楽団の参加費や演奏会費、いい楽器を買ったりセッティングを揃えたりレッスンに通ったりなど、「趣味で音楽をするのはお金がかかってしまう・・」なんてお悩みは多いでしょう。
確かに色々かかりますよね。
「プロになれば音楽でお金を稼げるのに」と思う瞬間もあるかもしれません。
今回は音楽の専門教育を受けるのにどれくらいお金がかかるのか、わたしが今まで音楽や演奏のために勉強に費やしてきたお金のことを書いてみます。
音大は他の大学に比べて学費が高いということはご存知の通り。
わたしの出身大学は年間約160万円でした。
学部を卒業するのに4年間通うと160×4で640万円。
それでも当時関東の私立では一番安かったのです。
ちなみにわたしは大学院まで出てるので計6年で960万円です。
そして音大に入るには受験のためにレッスンに通います。
主科の楽器(私はクラリネット)と、副科ピアノ・楽典・ソルフェージュそれぞれを習いに毎週です。
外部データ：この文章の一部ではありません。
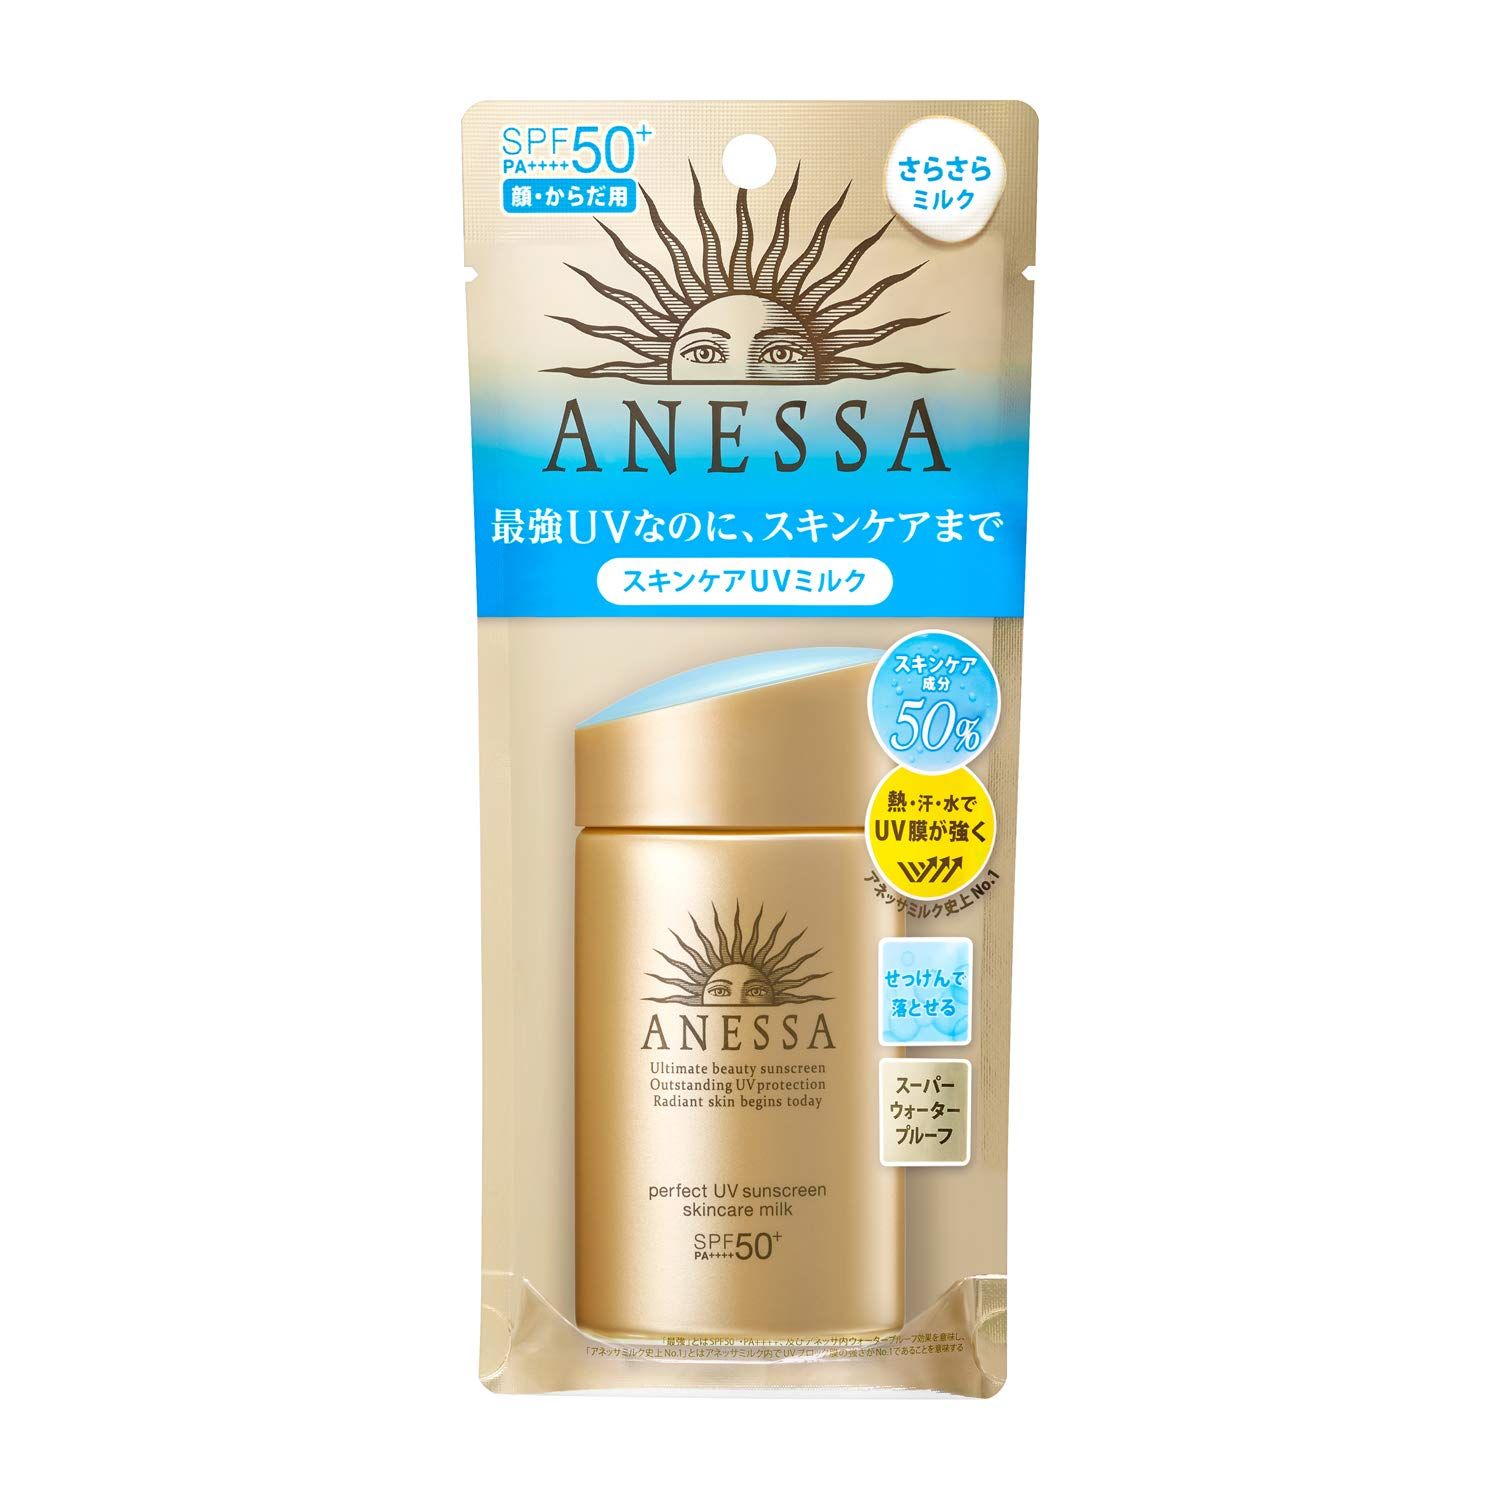 ANESSA Perfect UV Skin Care Milk a Sunscreen Citrus Soap Fragrance 60mL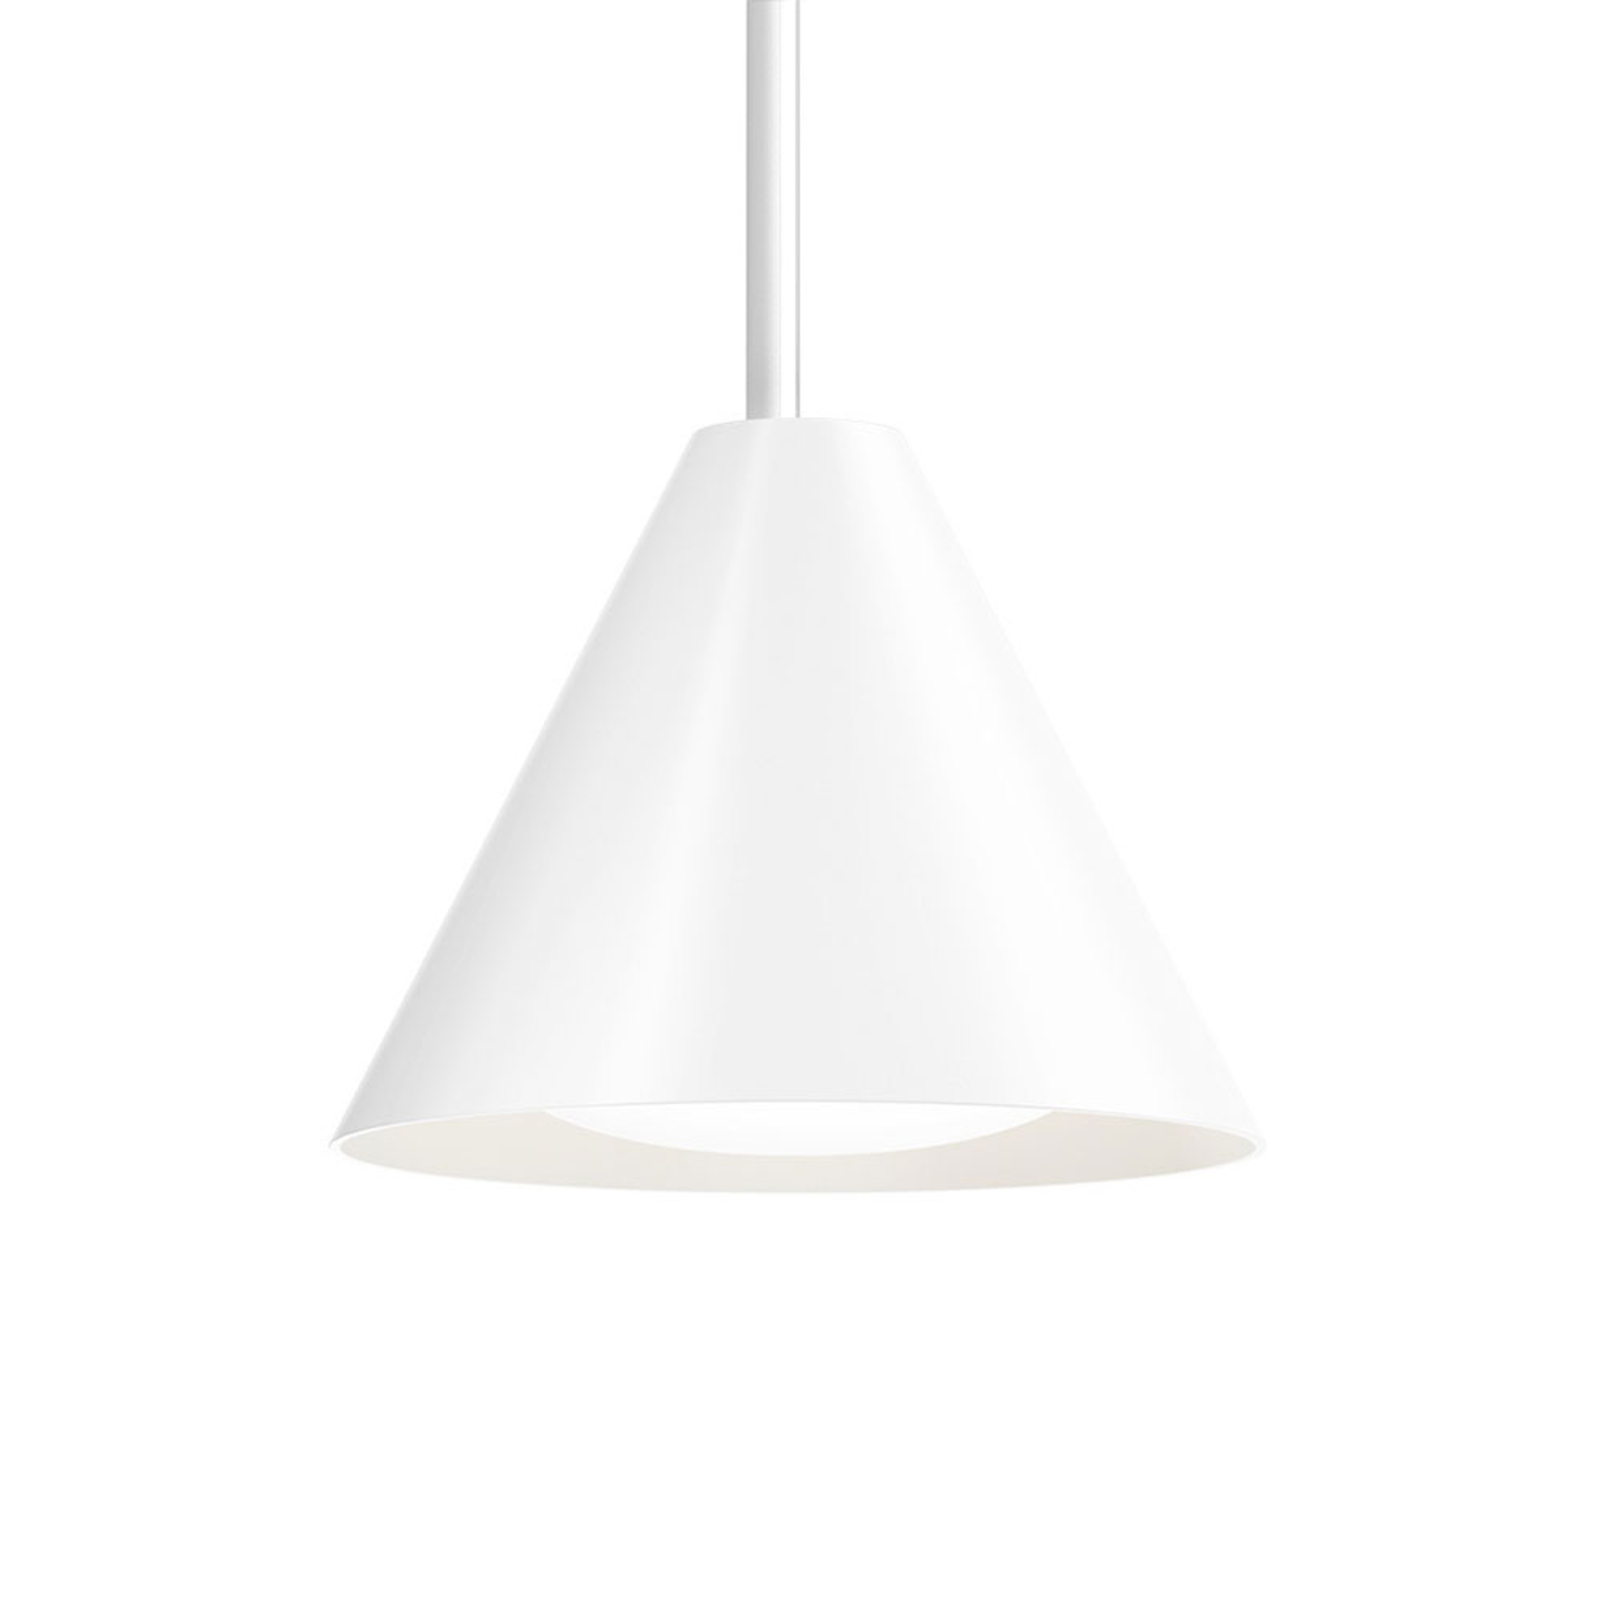 Louis Poulsen Keglen lampa wisząca 17,5 LED biała

色々な先生がいるのでレッスン料はまちまちですが大体週に2-3万円くらいかかるとして、わたしは1年半くらいでしたが普通は3年くらい通います。
良い楽器に買い換えたりしなくても、音大に入る前に300万円くらいは当たり前にかかるわけですね。
驚いてますか?
まだまだびっくりするのは早いですよ(笑)
積極的な学生だと在学中に演奏やレッスンで仕事をし始めます。
卒業後に音楽の仕事をしている人の多くは在学中からオーディションを受けたりなど動き出しています。
現場で学ぶことは大学で教わることの数倍はありますが、「勉強のために」「経験だから」「今後に繋がるから」なんて言い訳でタダ同然で依頼される案件にも自腹で交通費など経費をかけて引き受けることも多いもの。
そしてたいていの場合、今後には繋がりません。
本当に将来に繋がるのは有能な若者を安く使い倒そうとする悪質な案件ではなく、厳しいオーディションなどを潜り抜けて席を得た真っ当な報酬を支払われる案件です。
だから1000万近くかけて勉強しても卒業後にアルバイトをせずに音楽だけで暮らせるのはほんの一握り。
そんな状況に絶望して音大卒業後数年で演奏活動をやめてしまう、というのは珍しくありません。
むしろ8-9割はやめてしまうのが当たり前な状況です。
話を戻しましょう。
わたしは大学院を終えたあとも公開レッスンを受けたり海外に講習会を受けにいったり不定期でしていた他に、ソルフェージュを一から勉強し直そうと個人レッスンに通いました。
3年間お盆もお正月もなく毎週で、だいたい計150万円くらい。
アレクサンダーテクニークの勉強を約4年ほどして、これは計400万円くらいです。
大学院までは親に出してもらいましたが、その後は自分で払っています。
全部ひっくるめると音楽のためにだいたい1800万円くらいかけて勉強してきています。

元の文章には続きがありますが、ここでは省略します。